Its just when I click from the secure page to what I want to be non secure pages (apart from the homepage, homepage works fine and uses http protocol) it is still trying to make the connection using https protocol which obviously does come with warnings saying not all content is secure and is not what I want, I want these pages to use http.

Isn't that your
!-f
flag at work?

The Condition says "only deploy this rule when the request is for a file that doesn't exist". So if you ask for a file that does exist-- this is assuming you've got real physical pages in those other directories-- the rule won't execute. I kinda think the front page is exempt because you didn't really ask for it by name ("index.html"). What about other directory index pages (linked with final / not as "index.html")?

As for using !-f in the second condition. All I know is if I don't then the relevant page uses the https protocol but no secure connection (padlock) without it!

The more I look at this passage, the more it gives me a headache. I think it's got too many negatives :) If you leave out the !-f does the whole rule flipflop? That is, https for the front page but http for everything else? Or do all requests then get handled the same?

shadowlight



 
Msg#: 4577614 posted 9:41 am on May 27, 2013 (gmt 0)
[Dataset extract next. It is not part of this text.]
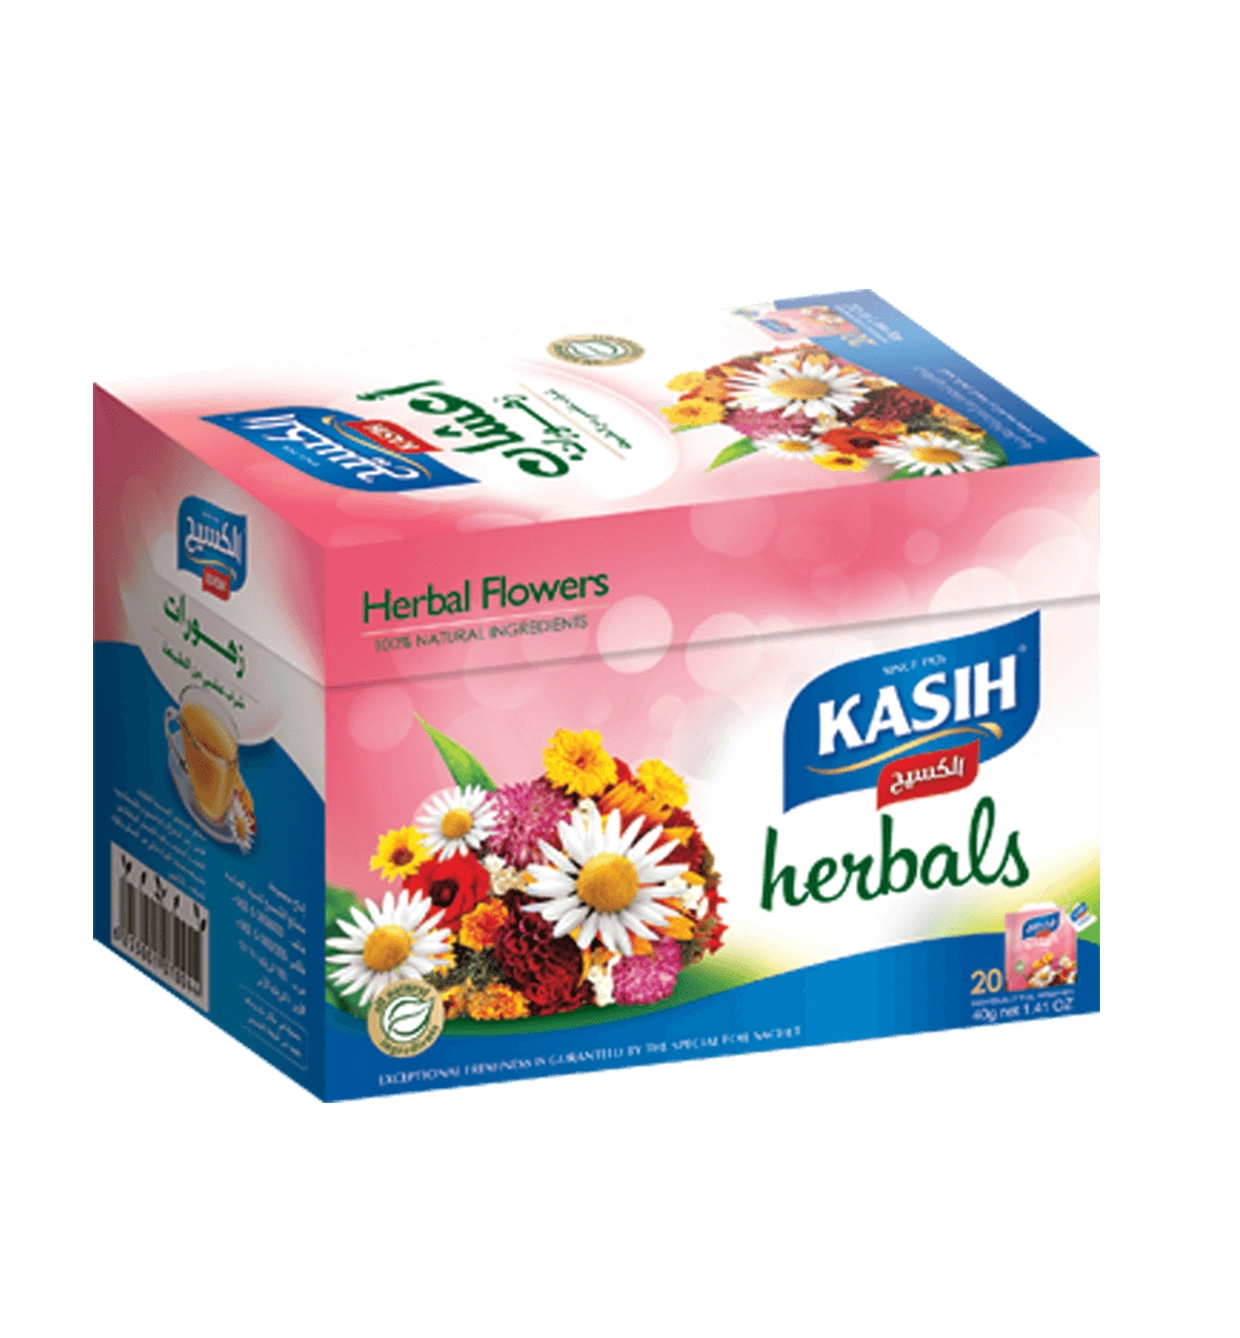 kasih_herbals_flower
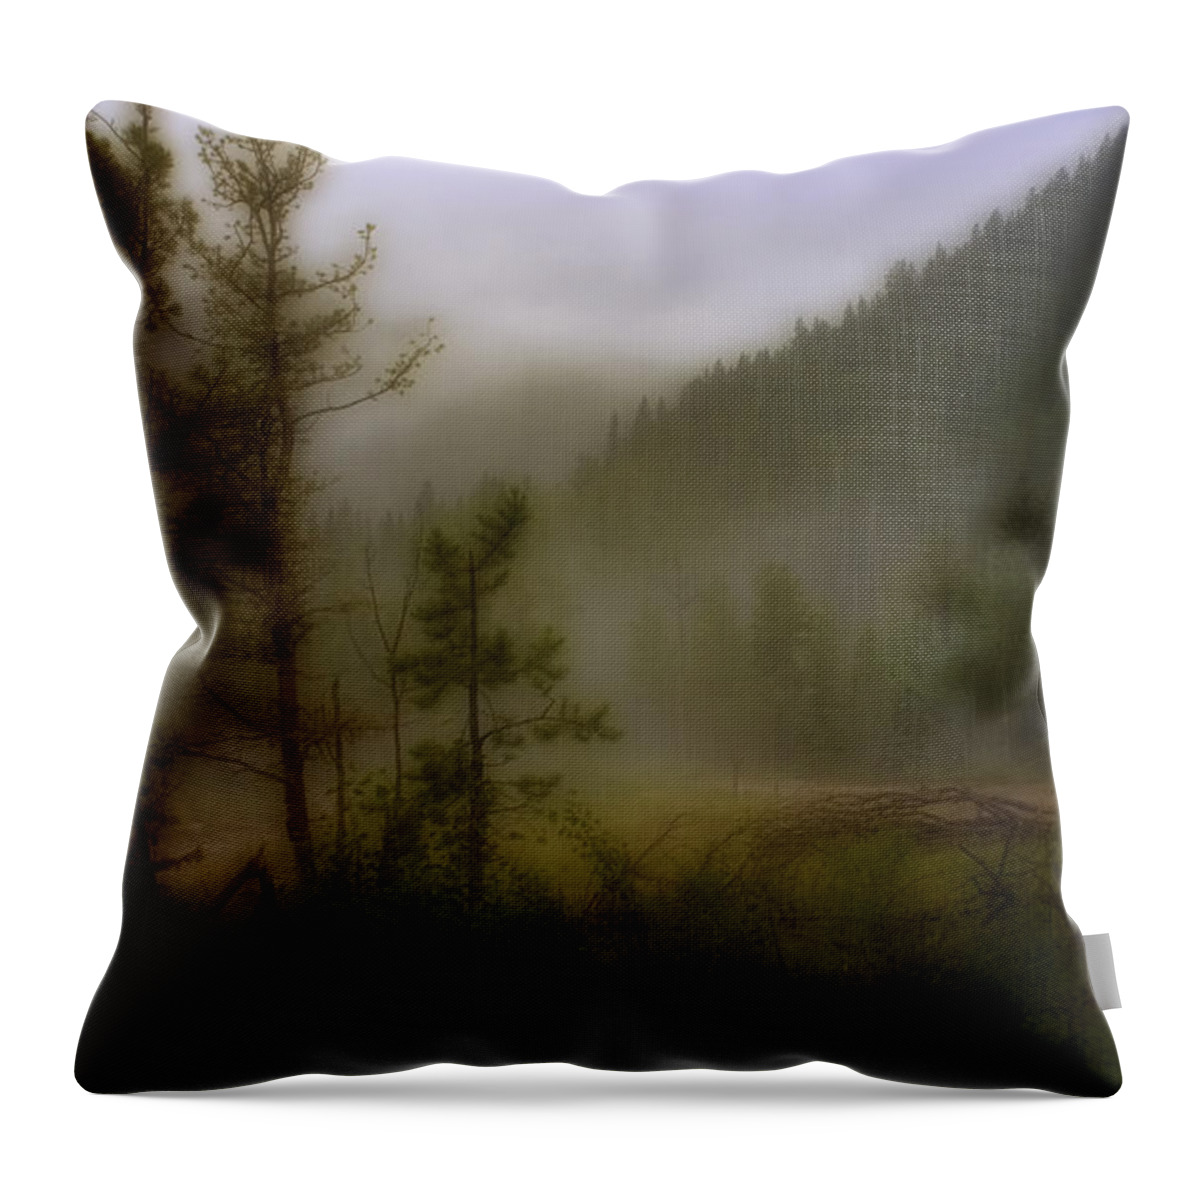 Colorado Throw Pillow featuring the photograph Misty Mountain by Ellen Heaverlo

lol its giving me a headache full stop!

If I leave out the !-f then the pages I want to be https actually try to be https but I get warnings about all the content not being secure. The rest of it works as I want it to.

So basically if I leave out the !-f then the whole thing works as it should but without a totally secure connection, no padlock on the pages that need to be secure, but the all other urls are re-directing as I want them to and using http.

It I leave in the !-f then I get the secure pages with padlock on the pages I want but all other pages requested coming from any secure page are requested using the https protocol with security warnings (apart from the homepage) as opposed to using the http protocol as I would like.

shadowlight



 
Msg#: 4577614 posted 10:48 am on May 27, 2013 (gmt 0)

How do I create a condition and rule that any files requested via a https secure page are requested using https instead of http regardless of where they reside in the directory structure?

Does anyone know?

lucy24

WebmasterWorld Senior Member lucy24 us a WebmasterWorld Top Contributor of All Time Top Contributors Of The Month



 
Msg#: 4577614 posted 11:19 am on May 27, 2013 (gmt 0)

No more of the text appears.